The two columns correspond to two different models they used to adjust for demographic differences between the people in the two groups of counties. As you can see, average BMI seems to have increased faster in the no-calorie-labeling counties.

On the other hand, if you look at the map, it seems like they’re comparing {California, Seattle, Portland (Oregon), and NYC} to everyone else (with Massachusetts somewhere in the middle), and there are big differences between these places. So I don’t know how seriously we can attribute the differences between those trends to food labeling.

Also, figure 5 of that paper, showing covariate balance, is just goofy. I recommend simple and more readable dotplots as in chapter 10 of ARM. Figure 4 is a bit mysterious too, I’m not quite clear on what is gained by the barplots on the top; aren’t they just displaying the means of the normal distributions on the bottom? And Figures 1 and 2, the maps, look weird: they’re using some bad projection, maybe making the rookie mistake of plotting latitude vs. longitude, not realizing that when you’re away from the equator one degree of latitude is not the same distance as one degree of longitude.
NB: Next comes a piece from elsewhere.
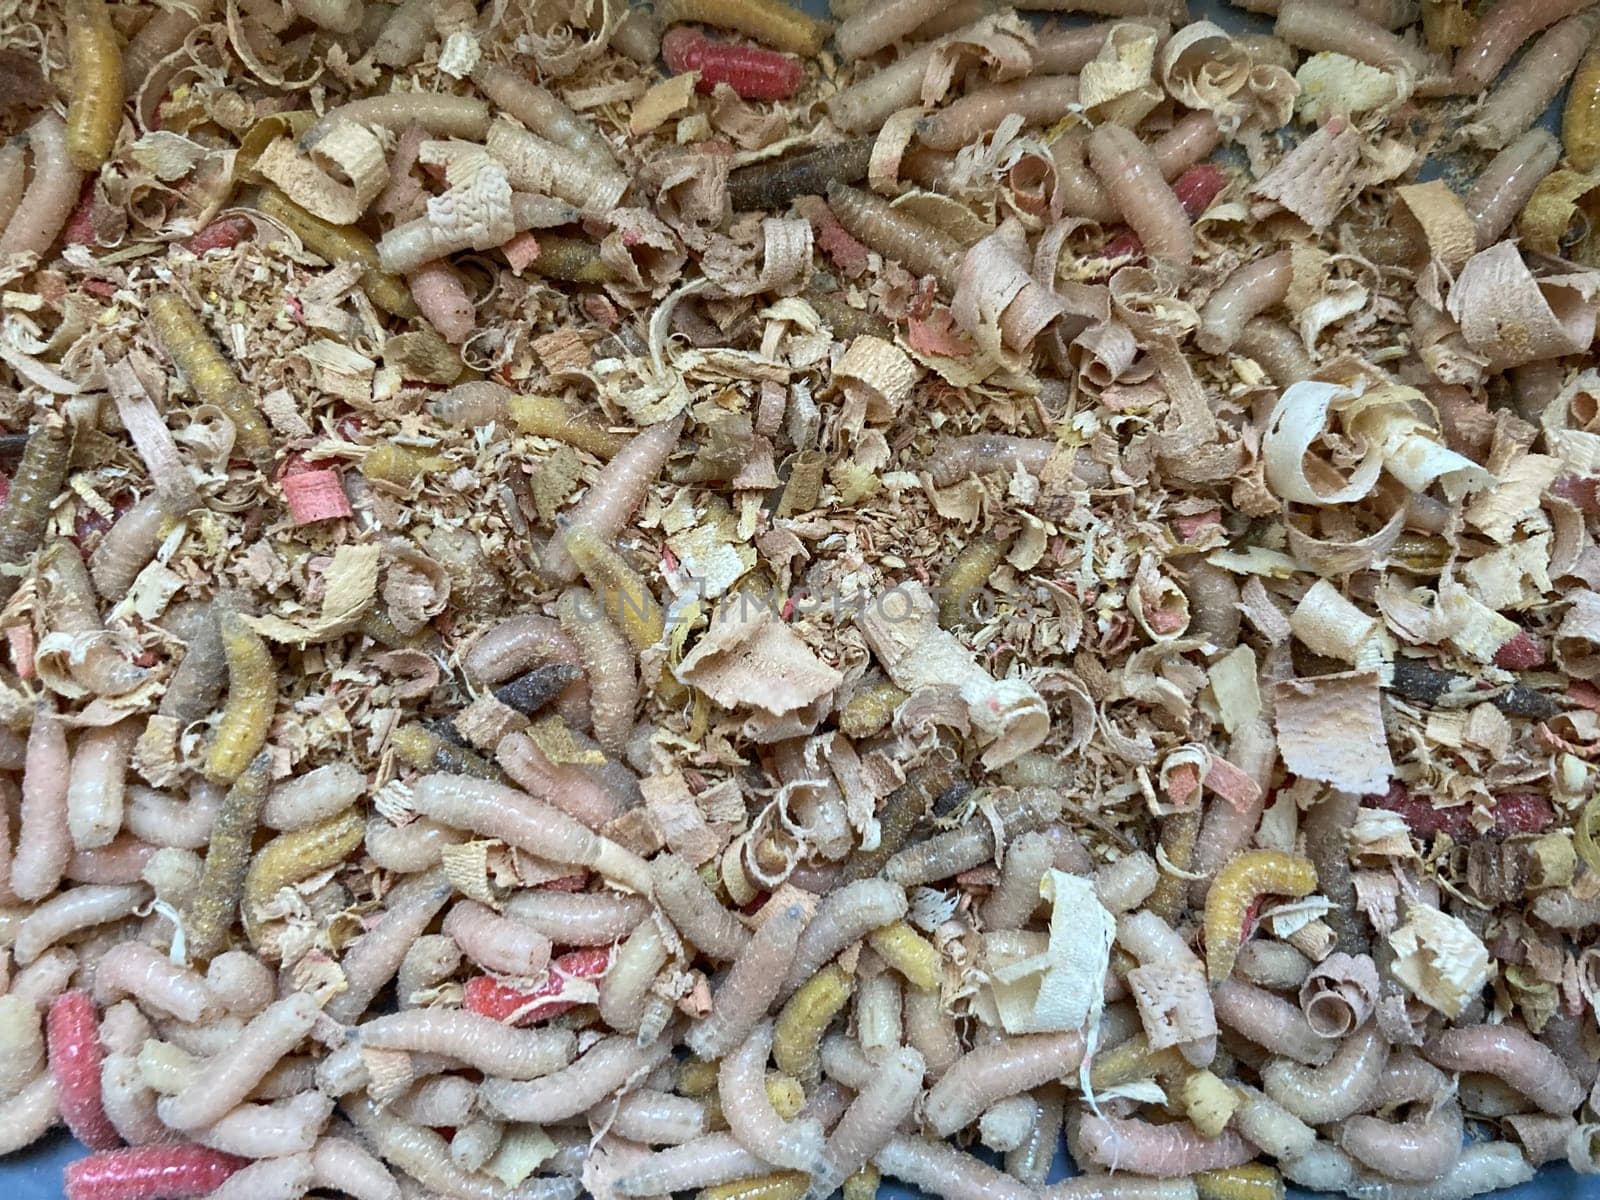 Live maggots food for the fishing

As to the Cass Sunstein article (“Calorie Counts Really Do Fight Obesity”), yeah, it seems a bit hypey. Key Sunstein quote: “All in all, it’s a terrific story.” Even aside from the causal identification issues discussed above, don’t forget that the difference between significant and non-significant etc.
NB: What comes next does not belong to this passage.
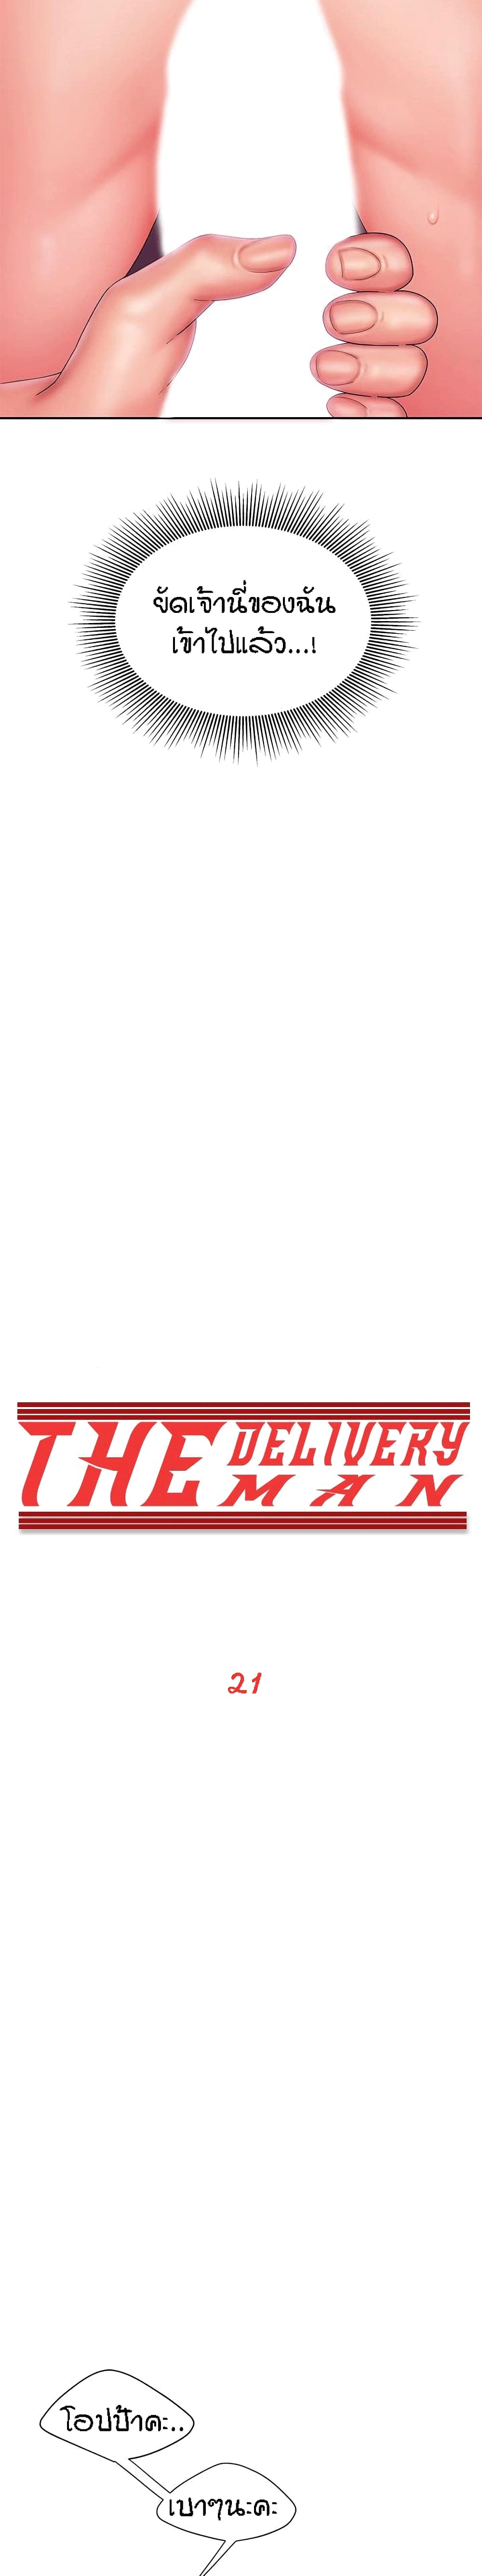 Delivery man 21 02

Speaking quite generally, I agree with Sunstein when he writes:

A new policy might have modest effects on Americans as a whole, but big ones on large subpopulations. That might be exactly the point! It’s an important question to investigate.

But of course researchers—even economists—have been talking about varying treatment effects for awhile. So to say we can draw this “large lesson” from this particular study . . . again, a bit of hype going on here. It’s fine for Sunstein if this particular paper has woken him up to the importance of interactions, but let’s not let his excitement about the general concept, and his eagerness to tell a “terrific story” and translate into policy, distract us from the big problems of interpreting the claims made in this paper.

And, to return to the multiple comparisons issue, ultimately what’s important is not so much what the investigators did or might have done, but rather what the data say. I think the right approach would be some sort of hierarchical model that allows for effects in all groups, rather than a search for a definitive result in some group or another.

P.S. Kyle referred to the article by Deb and Vargas as a “NBER analysis” but that’s not quite right. NBER is just a consortium that publishes these papers. To call their paper an NBER analysis would be like calling this blog post “a WordPress analysis” because I happen to be using this particular software.